=== Begin Enclosure ===
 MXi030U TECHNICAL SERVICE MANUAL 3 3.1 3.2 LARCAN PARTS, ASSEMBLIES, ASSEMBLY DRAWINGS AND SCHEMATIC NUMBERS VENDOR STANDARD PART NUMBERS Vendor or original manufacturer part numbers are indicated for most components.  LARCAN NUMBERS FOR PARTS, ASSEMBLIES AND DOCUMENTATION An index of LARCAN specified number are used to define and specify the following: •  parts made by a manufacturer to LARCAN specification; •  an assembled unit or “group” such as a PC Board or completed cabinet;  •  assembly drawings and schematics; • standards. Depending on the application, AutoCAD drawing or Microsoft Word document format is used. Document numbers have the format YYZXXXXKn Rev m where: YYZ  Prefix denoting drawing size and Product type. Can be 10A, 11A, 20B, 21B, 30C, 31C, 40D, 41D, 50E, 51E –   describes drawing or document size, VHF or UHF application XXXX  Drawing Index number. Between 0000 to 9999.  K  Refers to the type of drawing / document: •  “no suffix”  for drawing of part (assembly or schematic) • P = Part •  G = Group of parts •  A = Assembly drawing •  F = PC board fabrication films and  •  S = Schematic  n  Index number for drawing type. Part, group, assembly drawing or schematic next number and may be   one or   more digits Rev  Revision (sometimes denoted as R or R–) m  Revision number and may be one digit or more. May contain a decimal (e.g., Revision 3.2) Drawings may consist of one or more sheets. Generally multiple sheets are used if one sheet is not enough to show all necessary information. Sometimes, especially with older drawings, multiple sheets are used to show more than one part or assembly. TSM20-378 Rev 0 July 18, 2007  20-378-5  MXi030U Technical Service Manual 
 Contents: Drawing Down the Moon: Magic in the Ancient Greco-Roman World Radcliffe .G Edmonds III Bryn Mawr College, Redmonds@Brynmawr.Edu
=== End Enclosure ===
=== Begin Enclosure ===
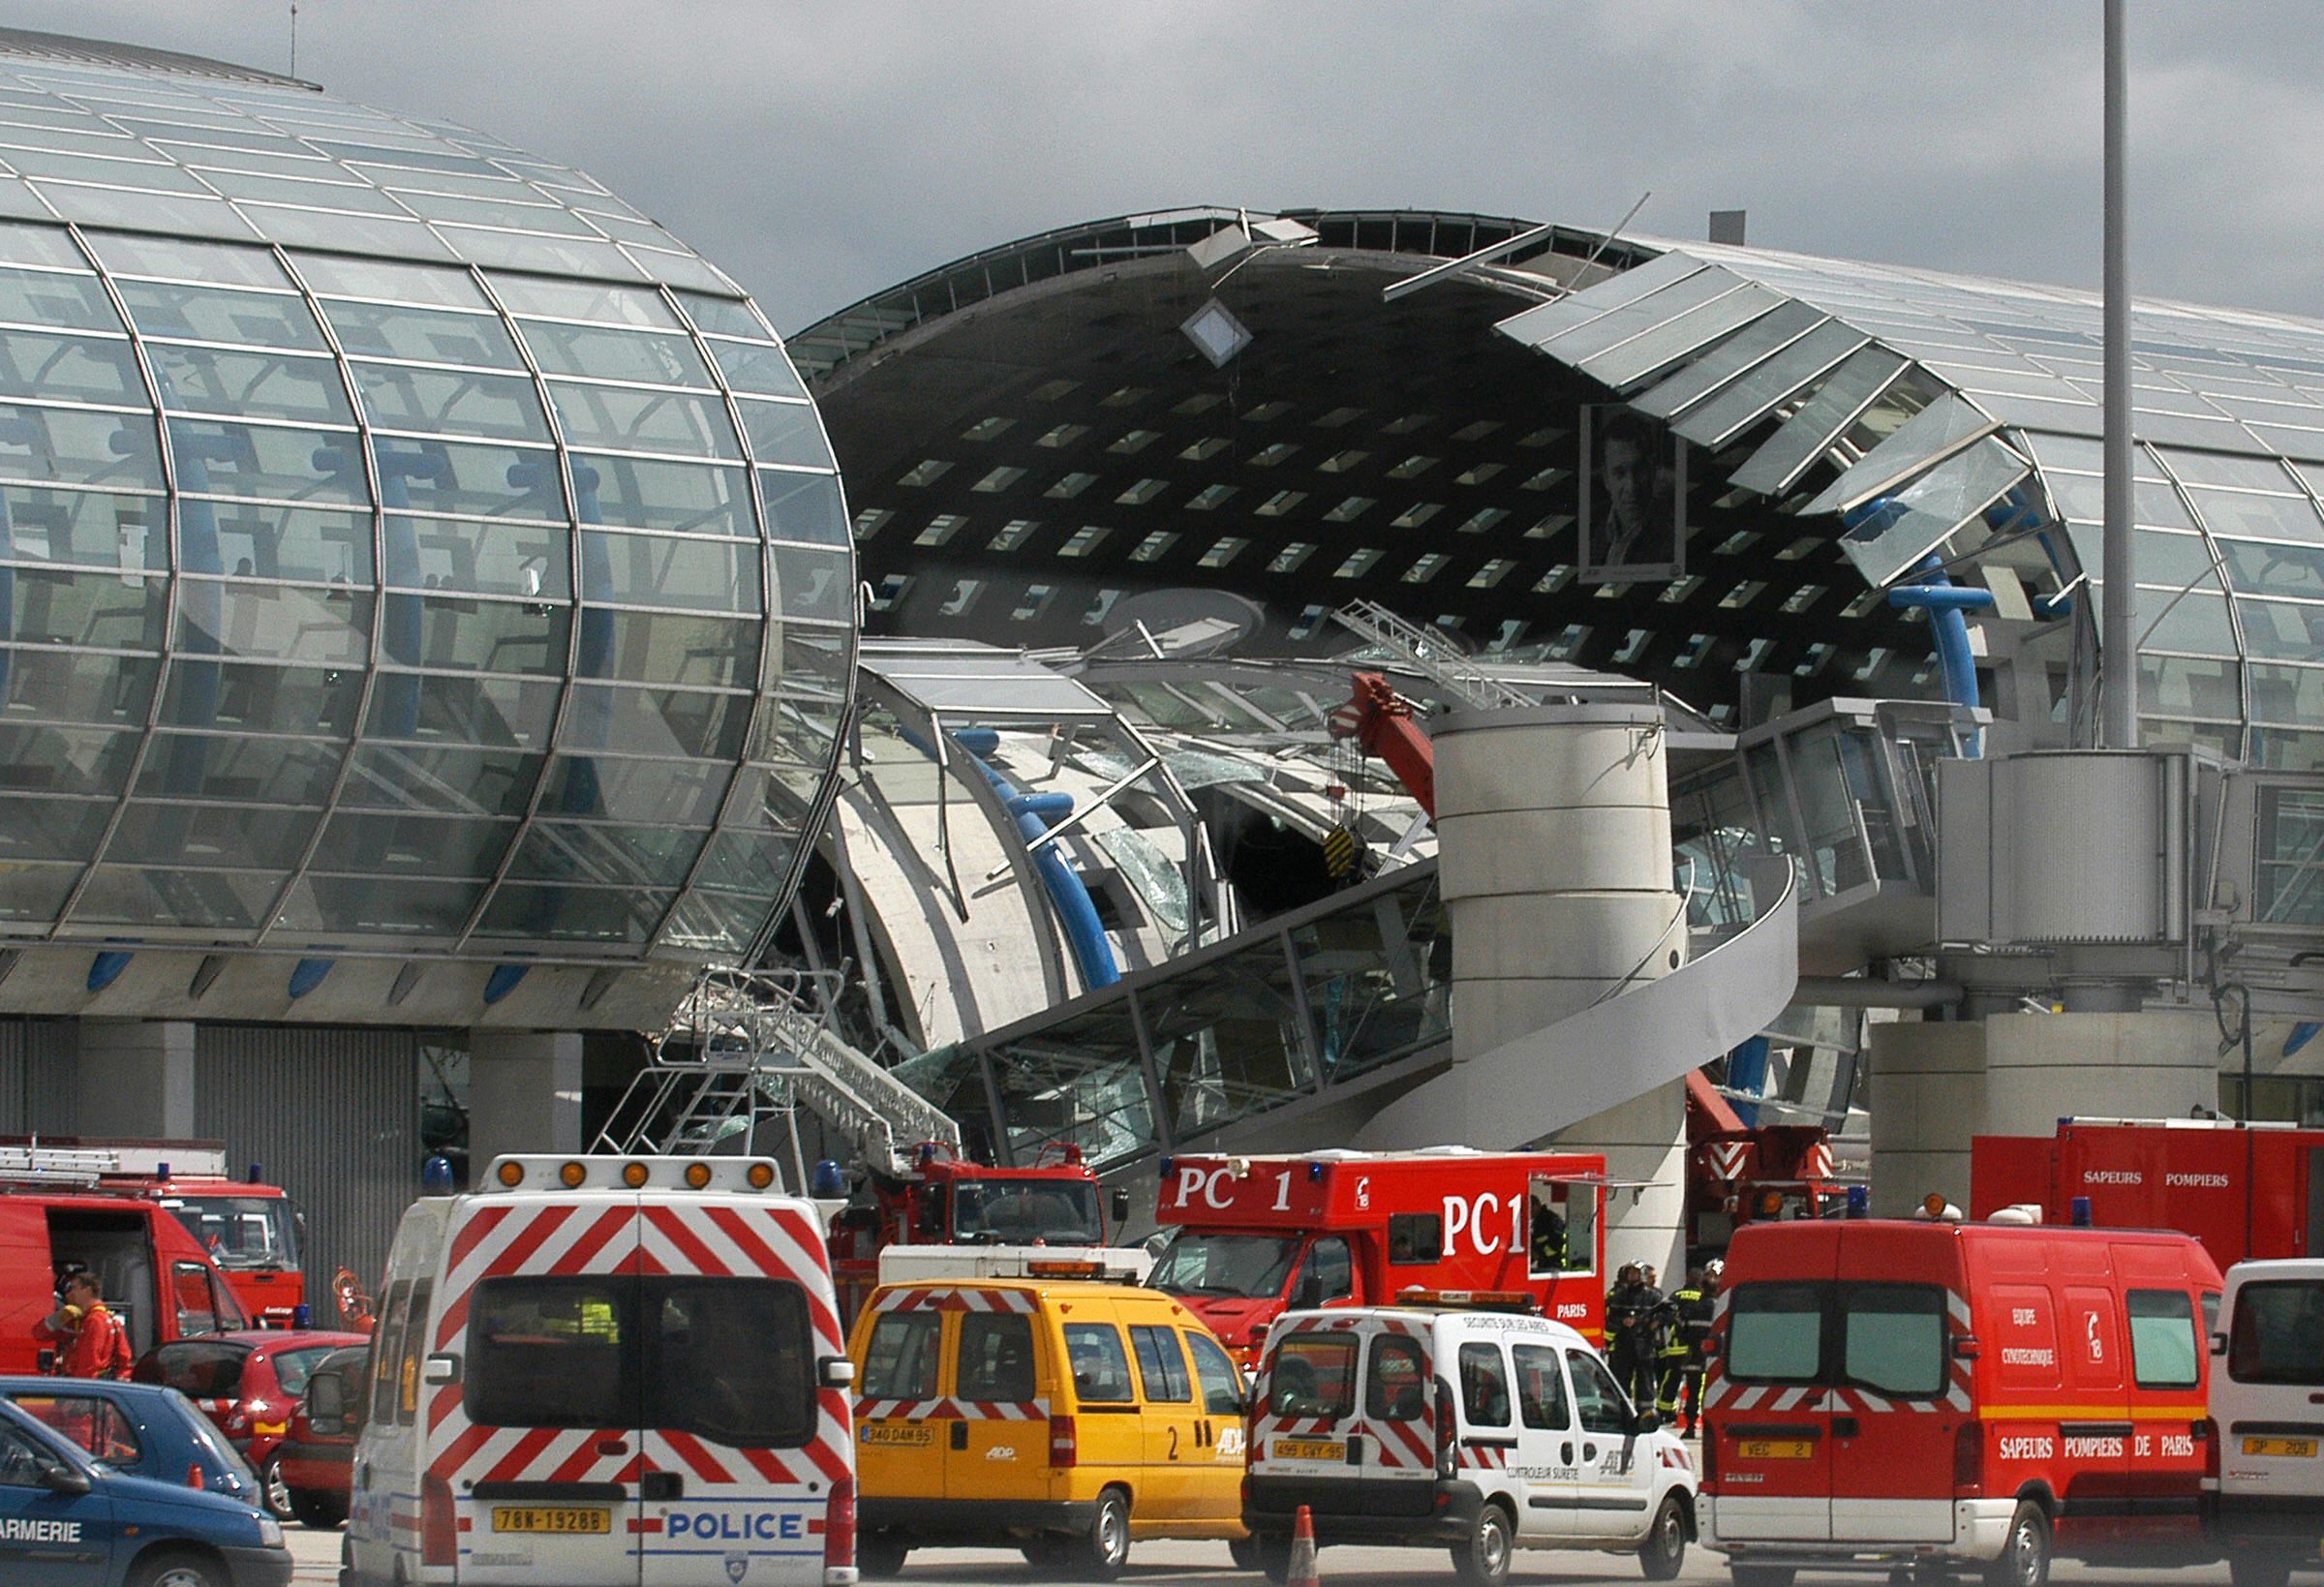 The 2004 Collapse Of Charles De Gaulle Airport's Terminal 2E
=== End Enclosure ===
Aim of the task: An exact copy of the lines above, from the one containing "MXi030U TECHNICAL SERVICE MANUAL 3" through the one containing "Contents: Drawing Down", is the whole of the answer.

Task result:
 MXi030U TECHNICAL SERVICE MANUAL 3 3.1 3.2 LARCAN PARTS, ASSEMBLIES, ASSEMBLY DRAWINGS AND SCHEMATIC NUMBERS VENDOR STANDARD PART NUMBERS Vendor or original manufacturer part numbers are indicated for most components.  LARCAN NUMBERS FOR PARTS, ASSEMBLIES AND DOCUMENTATION An index of LARCAN specified number are used to define and specify the following: •  parts made by a manufacturer to LARCAN specification; •  an assembled unit or “group” such as a PC Board or completed cabinet;  •  assembly drawings and schematics; • standards. Depending on the application, AutoCAD drawing or Microsoft Word document format is used. Document numbers have the format YYZXXXXKn Rev m where: YYZ  Prefix denoting drawing size and Product type. Can be 10A, 11A, 20B, 21B, 30C, 31C, 40D, 41D, 50E, 51E –   describes drawing or document size, VHF or UHF application XXXX  Drawing Index number. Between 0000 to 9999.  K  Refers to the type of drawing / document: •  “no suffix”  for drawing of part (assembly or schematic) • P = Part •  G = Group of parts •  A = Assembly drawing •  F = PC board fabrication films and  •  S = Schematic  n  Index number for drawing type. Part, group, assembly drawing or schematic next number and may be   one or   more digits Rev  Revision (sometimes denoted as R or R–) m  Revision number and may be one digit or more. May contain a decimal (e.g., Revision 3.2) Drawings may consist of one or more sheets. Generally multiple sheets are used if one sheet is not enough to show all necessary information. Sometimes, especially with older drawings, multiple sheets are used to show more than one part or assembly. TSM20-378 Rev 0 July 18, 2007  20-378-5  MXi030U Technical Service Manual 
 Contents: Drawing Down the Moon: Magic in the Ancient Greco-Roman World Radcliffe .G Edmonds III Bryn Mawr College, Redmonds@Brynmawr.Edu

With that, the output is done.